Medhi, 29 ans, l'un des cinq garçons du groupe, le plus révolté,
travaillant dans l'événementiel, un diamant à l'oreille gauche,
enchaîne : "On va acheter une flûte à Chirac. Je n'oublierai jamais
ses mots : "le bruit et l'odeur". Il peut toujours déclarer après
que nous sommes les enfants de la République."

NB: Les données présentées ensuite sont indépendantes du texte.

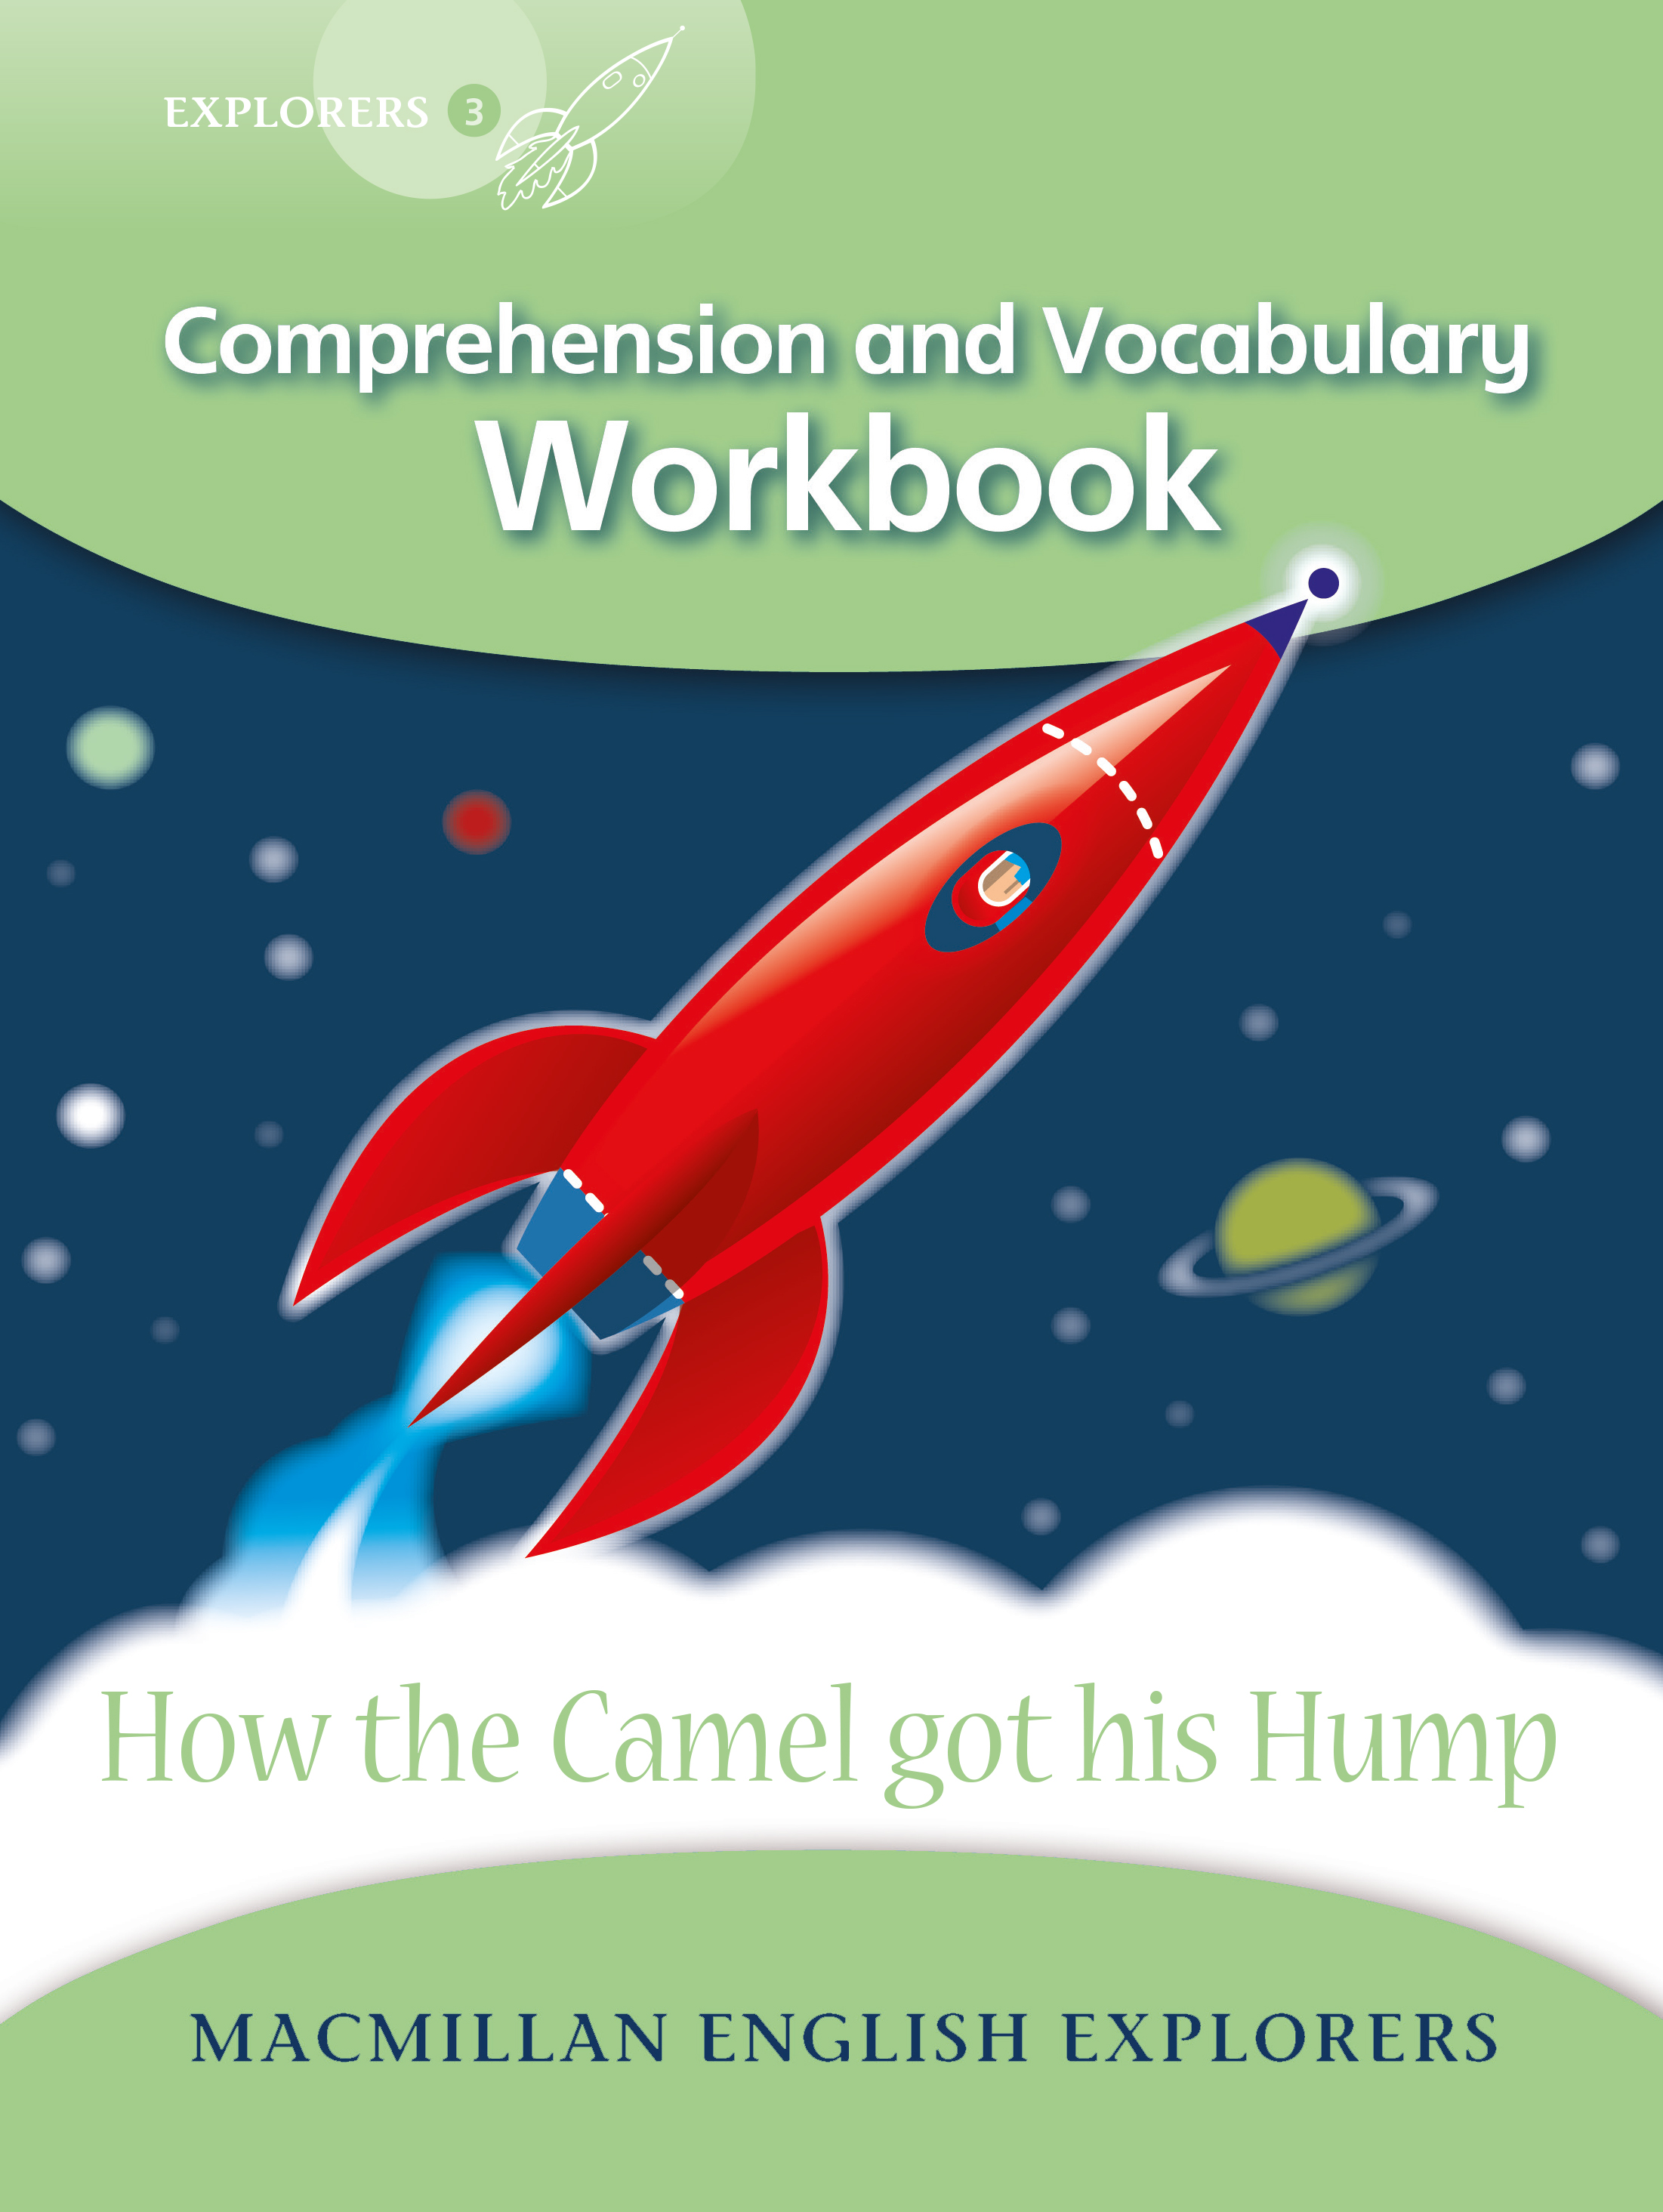 Explorers 3: How the Camel Got His Hump Workbook

Samantha, plus timide, affirme : "Nous voulons continuer la lutte
mais d'une manière plus constructive et intelligente. Après le feu,
les mots, avec humour, mais un humour désespéré." Medhi acquiesce et
atteste : "Généralement quand les jeunes se regroupent, c'est pour
vendre du shit, braquer ou voler. Nous, notre démarche est
pédagogique." "La France nous méprise. Quand elle avait besoin de
nous pour se défendre contre l'Allemagne, nous faisions partie de la
solution. Quelques générations plus tard, nous sommes le problème",
enrage Nadia. Elle poursuit : "Ce rappel historique de la France
coloniale est important. Dire que des milliers d'Africains sont
morts pour la France et qu'aujourd'hui elle ghettoïse ses enfants :
c'est honteux ! L'immigration, ce n'est pas un Yo-Yo !"

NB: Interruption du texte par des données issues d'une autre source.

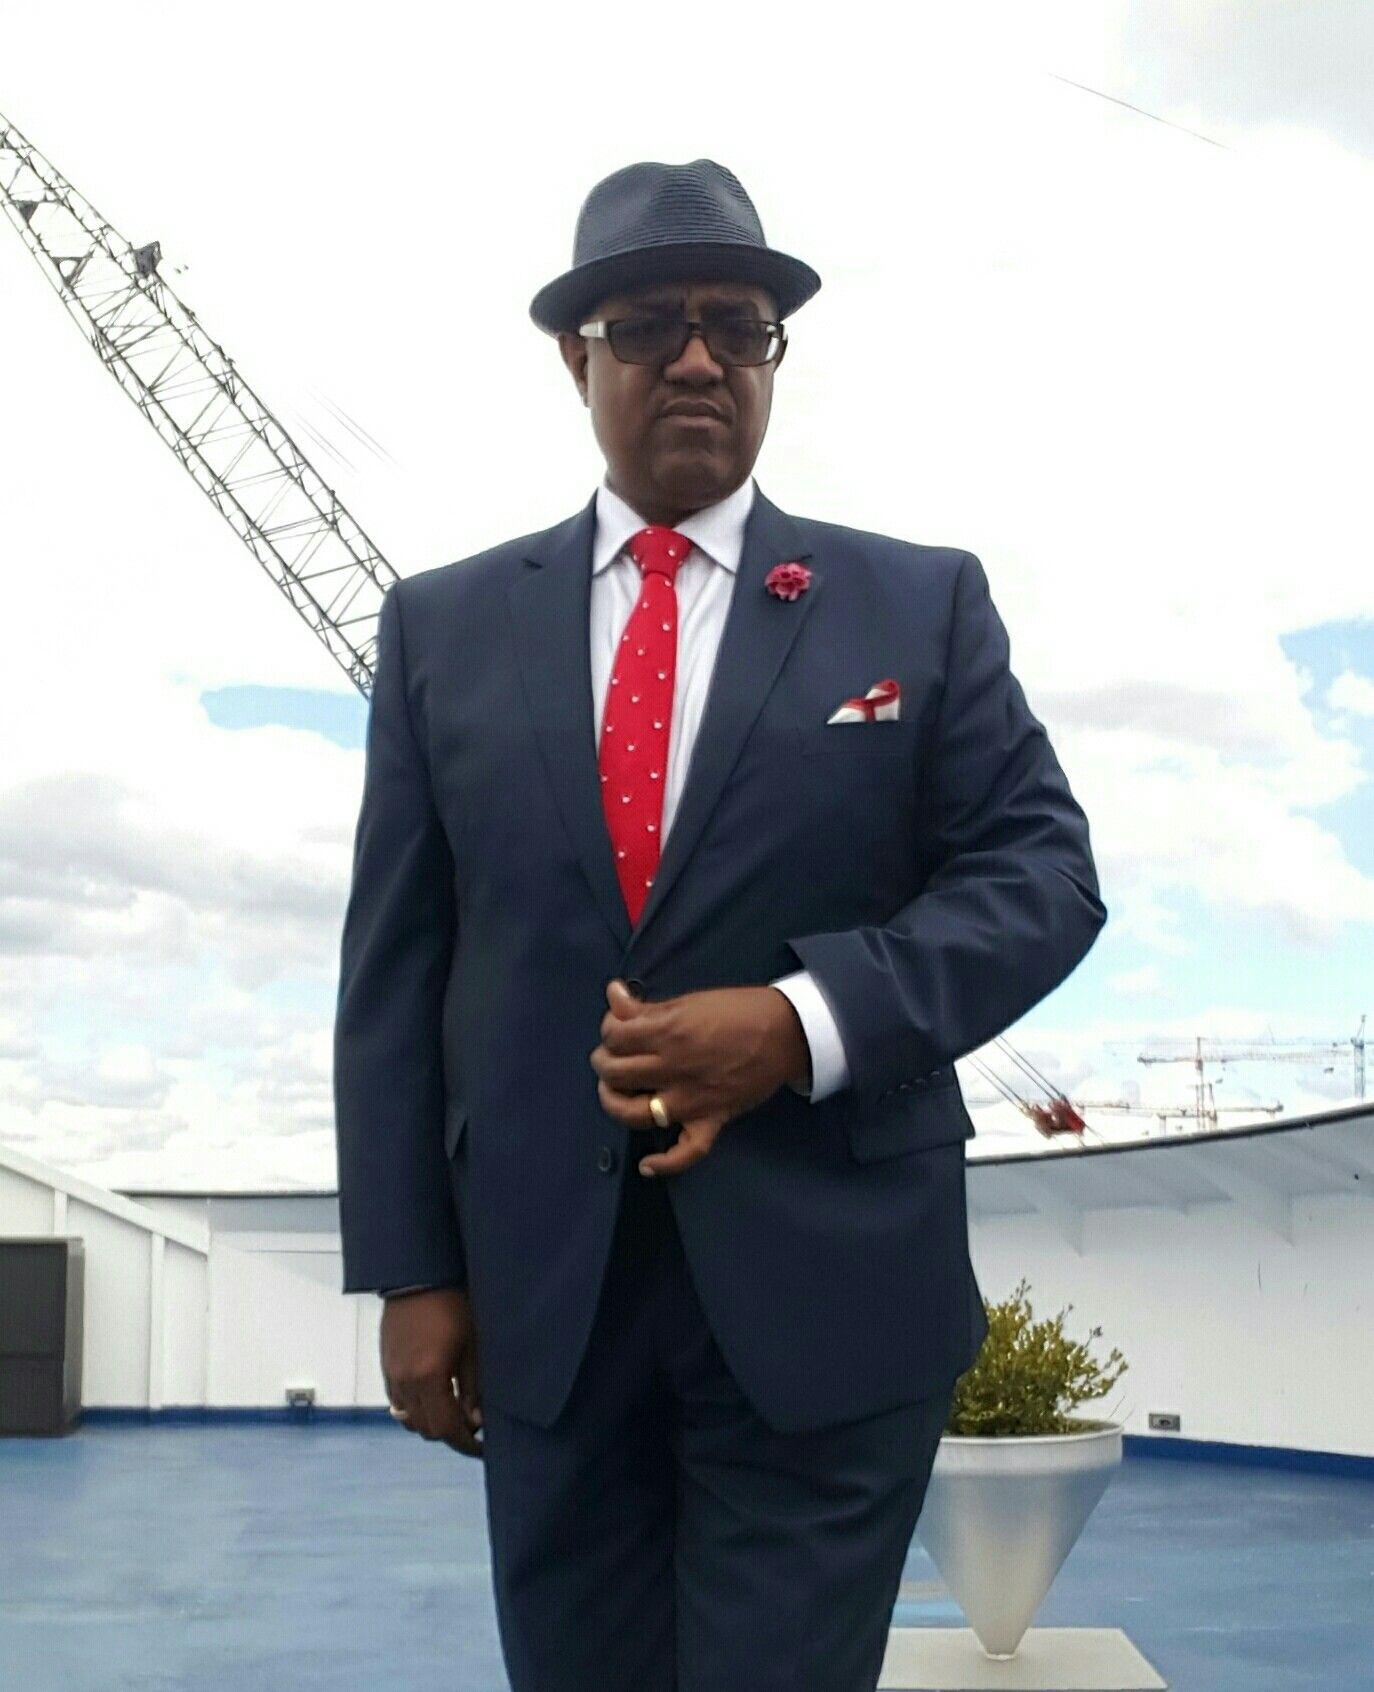 New Blue suit   New blue suit, Blue suit, Suits

Dans la nuit du 4 au 5 décembre donc, de 23 heures à 5 heures du
matin, les 16 "racailles de France", embarquées dans huit voitures,
carte de Paris en poche, armés de rouleaux de ruban adhésif double
face payés 50 euros, ont placardé "stratégiquement" leurs "plaques
commémoratives" de papier imprimées en format A3, notamment sur les
murs de l'AFP, du Figaro, de Libération, du Monde, de l'UMP, sur des
Abribus et dans le métro à Nation, Bastille, République...
"Faut pas oublier que c'est l'état d'urgence. On a eu peur de se
faire arrêter surtout devant l'UMP. On s'était préparés à aller en
garde à vue", confesse Nadia mais, "c'était important de montrer le
contraste entre les héros et la racaille".